We observed a high level of performance when we tested the ensemble of models trained with only informative variants on a follow-up cohort of 618 individuals (122 asymptomatic, 496 severe; Fig. 1c), either at the individual model level or at the ensemble one (Data S4). In fact, when computing aggregated metrics by considering the median of the probability distribution collected from the ensemble of models (Data S4, 5; see “Methods”), we identified severe patients with good accuracy (ACC = 81.88%; AUCROC = 96%), performing considerably better than the ones obtained by training with only covariates or variants (Fig. 2e; Data S4). The model also showed good performances on an additional validation set comprising a total of 375 samples excluded from both training and testing due to inconsistent classification from the WHO grading and the ordinal logistic model adjusted by age (ACC = 85.34%, MCC = 67.8%, AUCROC = 91.4%; Fig. S1; Data S6).

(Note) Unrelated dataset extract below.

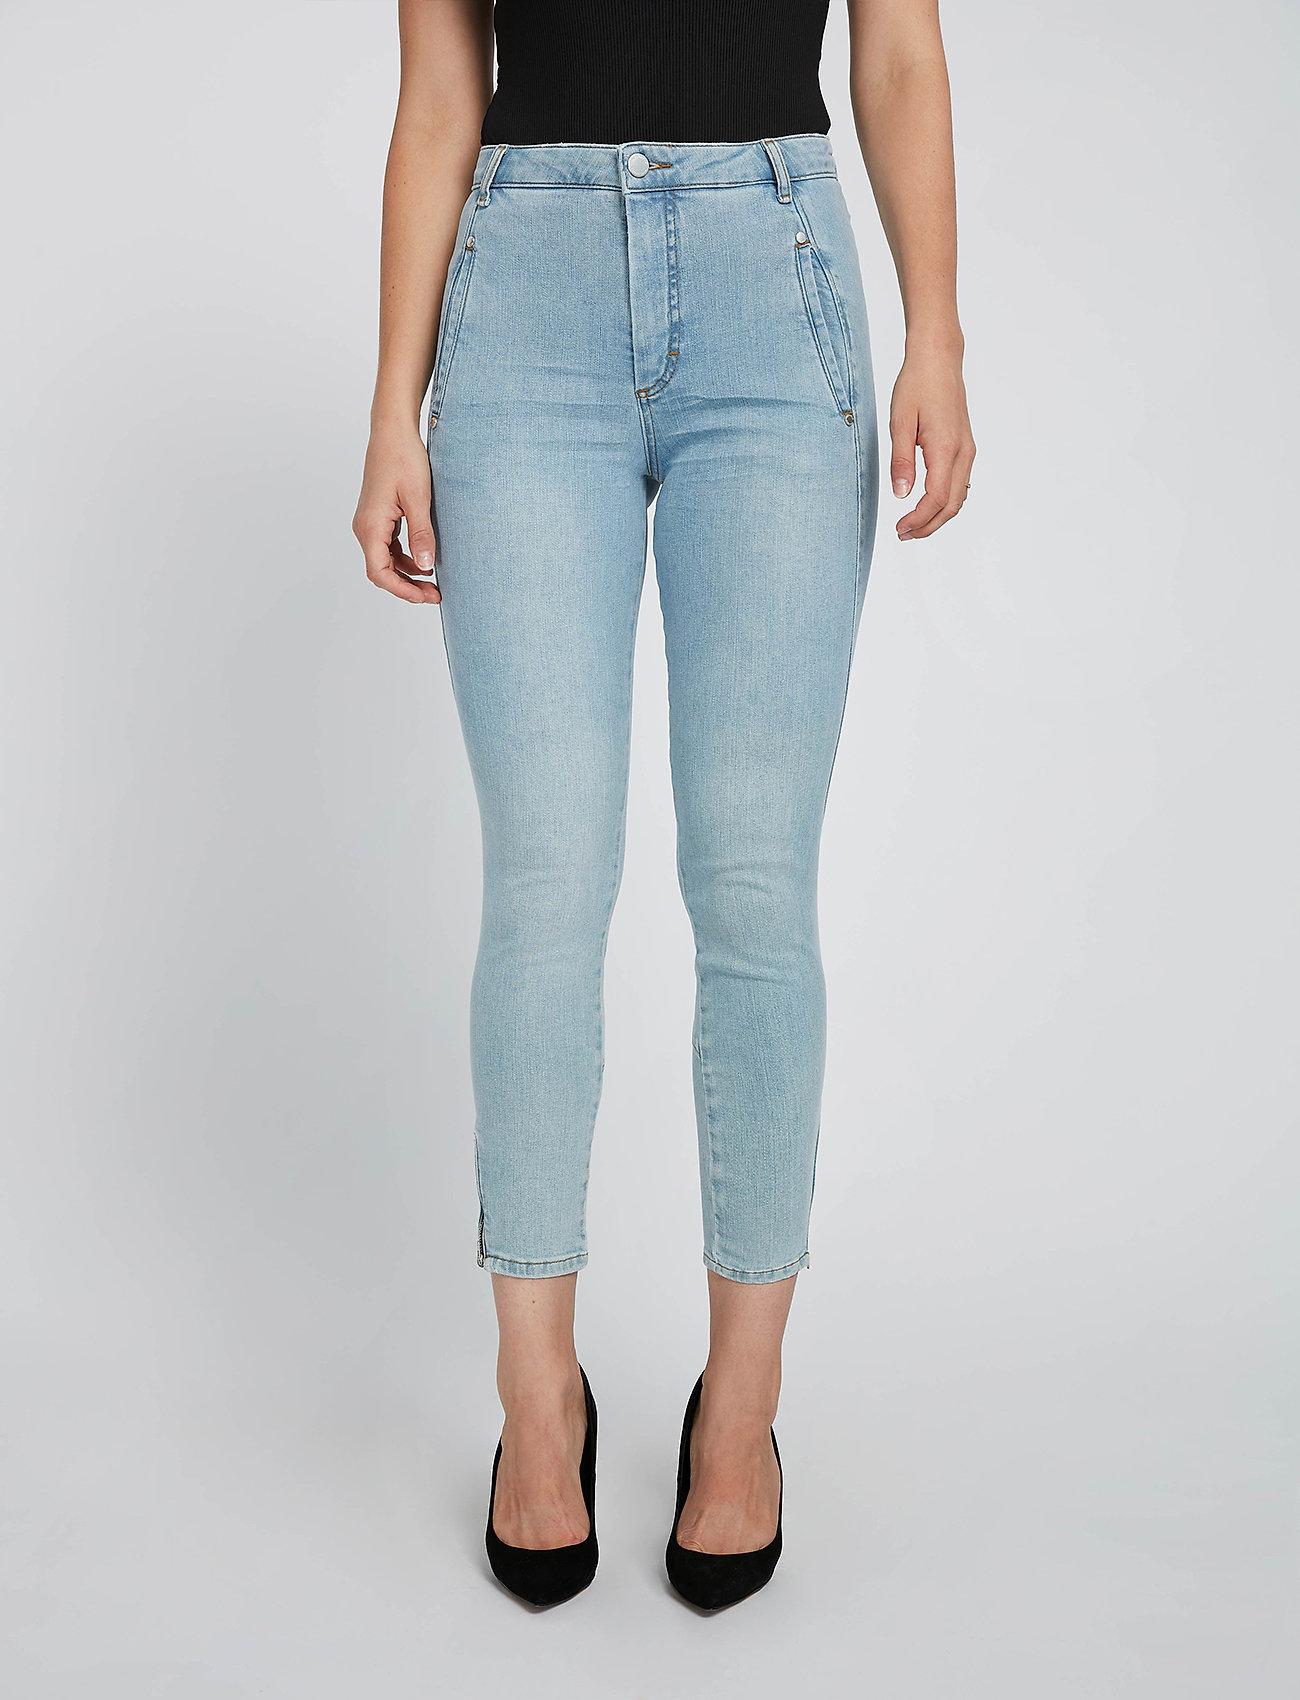 FIVEUNITS - Jolie Zip 241 - slim jeans - chalk blue - 0
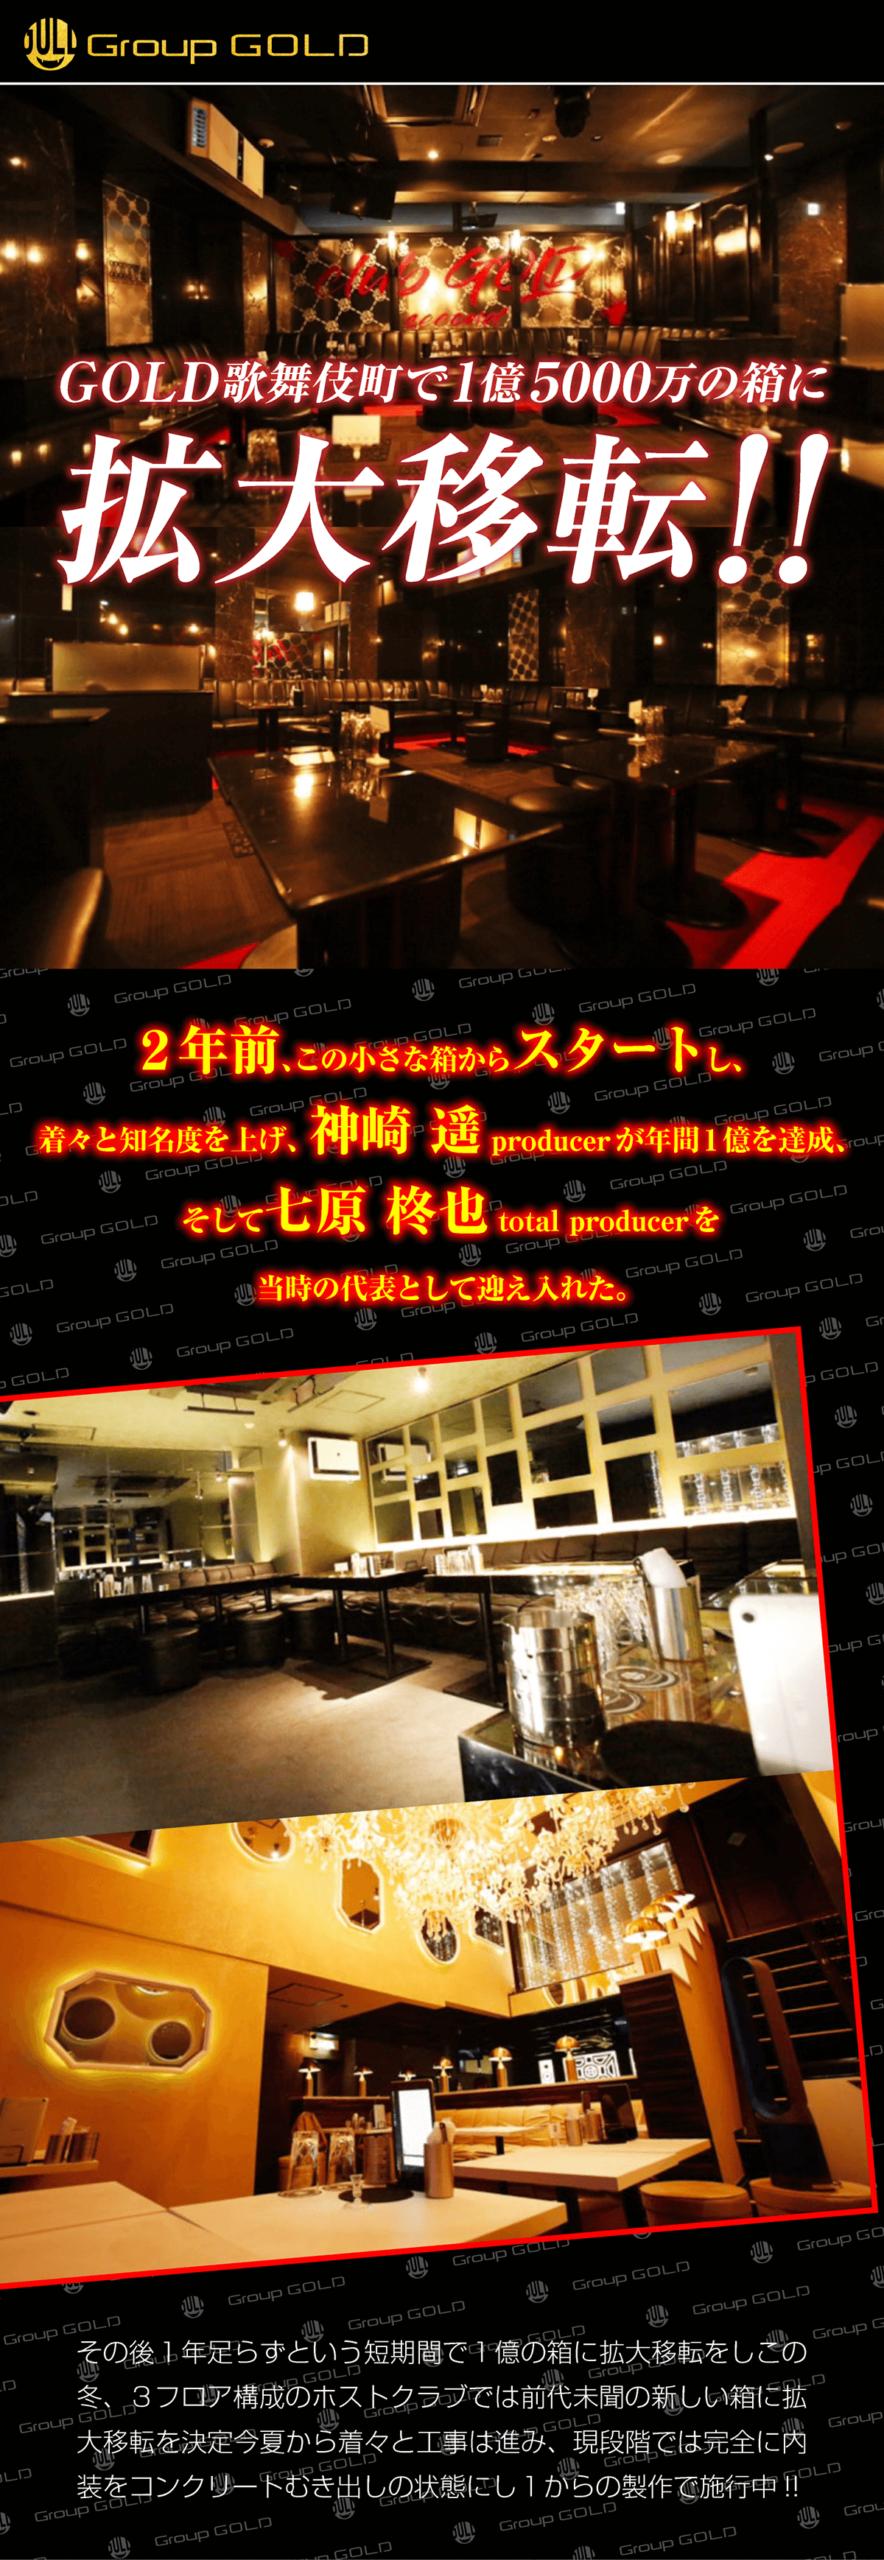 GOLD歌舞伎町で2億の箱に拡大移転!!

Risk and protective genetic factors impinge on modular, interconnected networks underlying distinct biological processes

We analyzed the subset of variants receiving non-zero feature importance in at least one XGBoost model to provide a mechanistic explanation for their potential interaction with COVID-19 infection. We performed pathway analysis by mapping mutated genes in a functional interaction (FI) network (i.e., Reactome FI network; see Methods). We built a general FI network (Fig. 3b), as well as networks specific for clinical groups, by grouping variants and genes enriched in severe and asymptomatic patients (Fig. 3a). Pathway analysis on group-specific networks revealed patterns of significantly enriched processes connected to either risk or protection (Fig. 3a).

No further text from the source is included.